Almost all of Shyamalan films are a reflection of just how far groups or people will go to protect themselves, their family, and even humanity. In Unbreakable, Mr. Glass went to extreme and unethical decisions to find a living superhero, in The Village a family went to unorthodox steps to protect their children from the corrupt outside world, and Glass examined how the chaos in the world can oddly unite humanity together with destiny and power. Some of these themes are once again found here, but like Glass did, it falls apart in the third act as it feels like it’s just another trick where Shyamalan is just hitting the same marks. The result is a film that is both fun and spellbinding though, and it has a very sold buildup, impressive visual strategies, but sadly the film leaves you deeply disappointed with the outcome. Despite some of these flaws and quibbles, Old is still an entertaining and unforgettable experience that will stay with you, and I’ll take this film over the endless franchise sludge that Hollywood pumps out weekly.
I was digging most of this until M. Night became M. Night, agreed on Cronenberg. I also thought the material had so much more potential than what we were given. I would rate it a 6/10
It was super lame for me. A final draft concept in a first draft script.
Anything by Shyamalan is an instant pass for me these days.
I remember when the film, Devil, that he wrote and produced had trailers first running in the theater. I went to the movie twice when a trailer ran. Both times the audience seemed to be into it, until his name appeared on screen. One time there was a collective groan, the 2nd time the audience laughed.

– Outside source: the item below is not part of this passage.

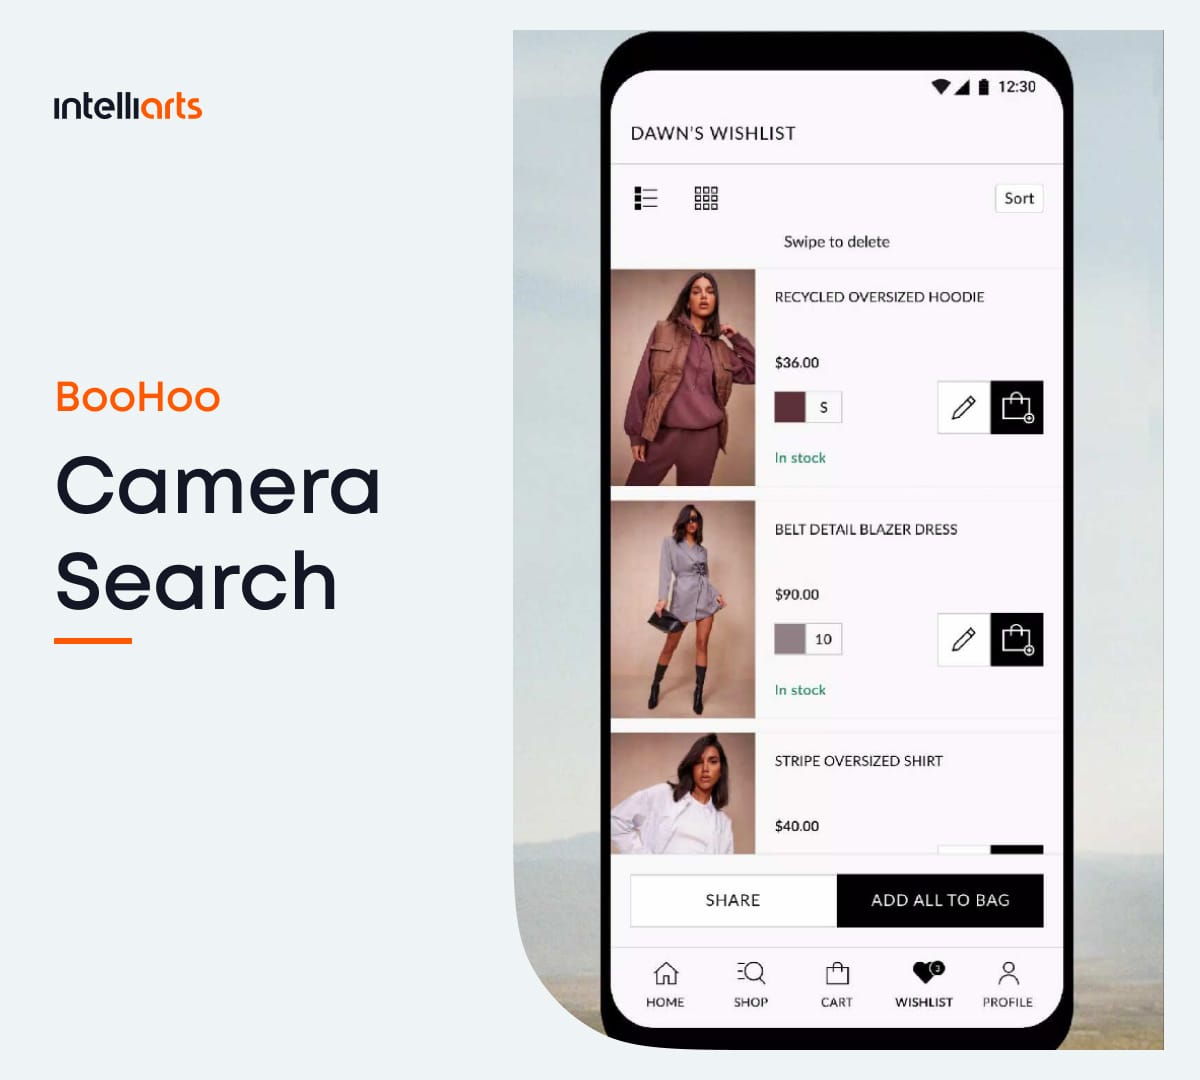 Camera Search visual search functionality by BooHoo

I aged several years while watching the one about the woman who lived in the pool drain.
Hasn’t everyone given up on this guy? I certainly have.
I’d rather spend two hours reliving my last colonoscopy. At least that had a little suspense.
So I thought the movie was total garbage. The acting was atrocious. The plot was terrible. And I assumed that the ending would be a dumb explanation that no one could see coming.
But … I really liked the ending. I don’t think this has ever happened before.
I’ve watched good movies that have a horrible ending, but not sure I’ve ever seen a bad movie with a good ending.
Anyone else feel this?
Robert Butler – I think you made a lot of valid points and I agree that the material in someone else’s hands, along with an R rating, might have been significantly better. I wasn’t disappointed by the film but left feeling it could have been better.